Noone could come over, don’t talk to anyone, watch what you say and who you talk to! All those rules, and with Tori trying to hide Ric from the Munch family, it was almost as bad again! (Though at least we don’t eat fish for every meal yay!) It was especially hard for Josef because Lucas was his best friend and he really had to be extra careful around him. Josef stopped hanging out with Lucas outside of school and I was watching him like a hawk when we were on the bus and at school.
So, having a party with people here at our house and having baby Rickard here would be hard to explain. I can just see Lucas telling his Mom, then Mrs. Munch telling Wolfgang about his baby. Ugh, fireworks for sure. Nope, Tori wasn’t taking any chances.
Anyway, Tori made Josef his favorite chocolate cake and we sang to him.
I think he liked the little party. I couldn’t wait to show him around the high school when we returned to school the next term.

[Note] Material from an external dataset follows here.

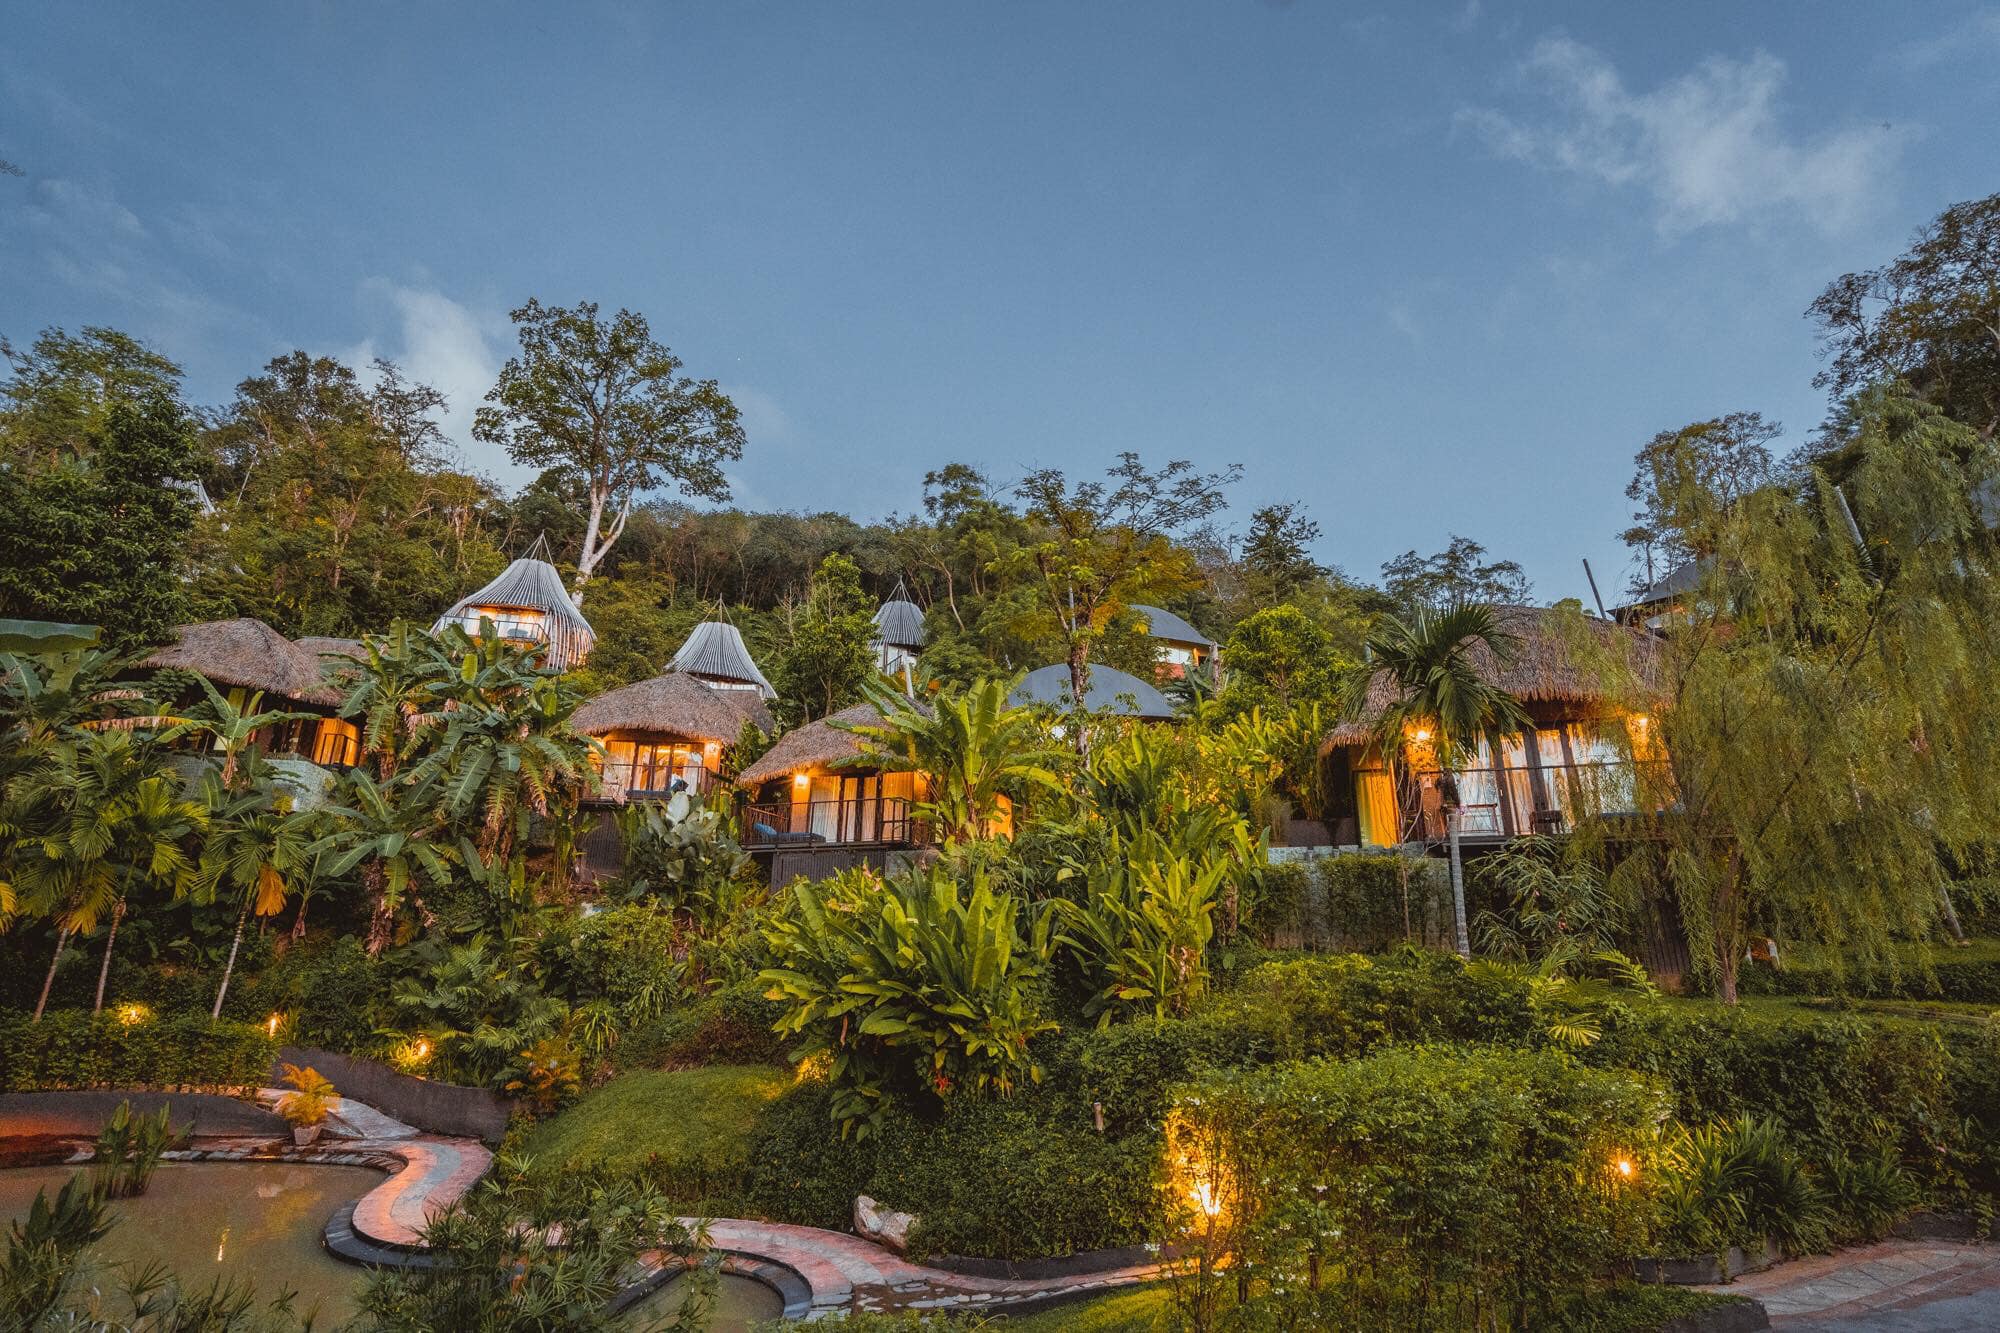 Độc đáo Resort tổ chim nằm lơ lửng giữa những tán cây xanh ở Thái Lan, thơ mộng như ngôi nhà của các chú lùn Hobbit - Ảnh 3.

He’s always been such a silly boy, but he got really sad though thinking about going to high school and leaving grade school behind.
Since becoming a teen, Josef started thinking more about the type of home he’d like to own someday. We both know Tori does the best she can with her job at the Gallery and all, but Josef wants more in his future than our small house.
He talks about wanting a big house someday. Maybe even a mansion! I look at him and smile. Growing up so poor hasn’t been easy, and I’m sure it’s because of losing you, never knowing Dad and it being just me and Tori for so long, but for me, it’s always been about family. I feel like if I could just have my family around me. Lots of children and a loving home life. That’s going to make me happy. Well that and being an amazing programmer and kick ass game designer. Yeah, all of that!
Well, I better go, I’ll write more soon, this was sorta fun!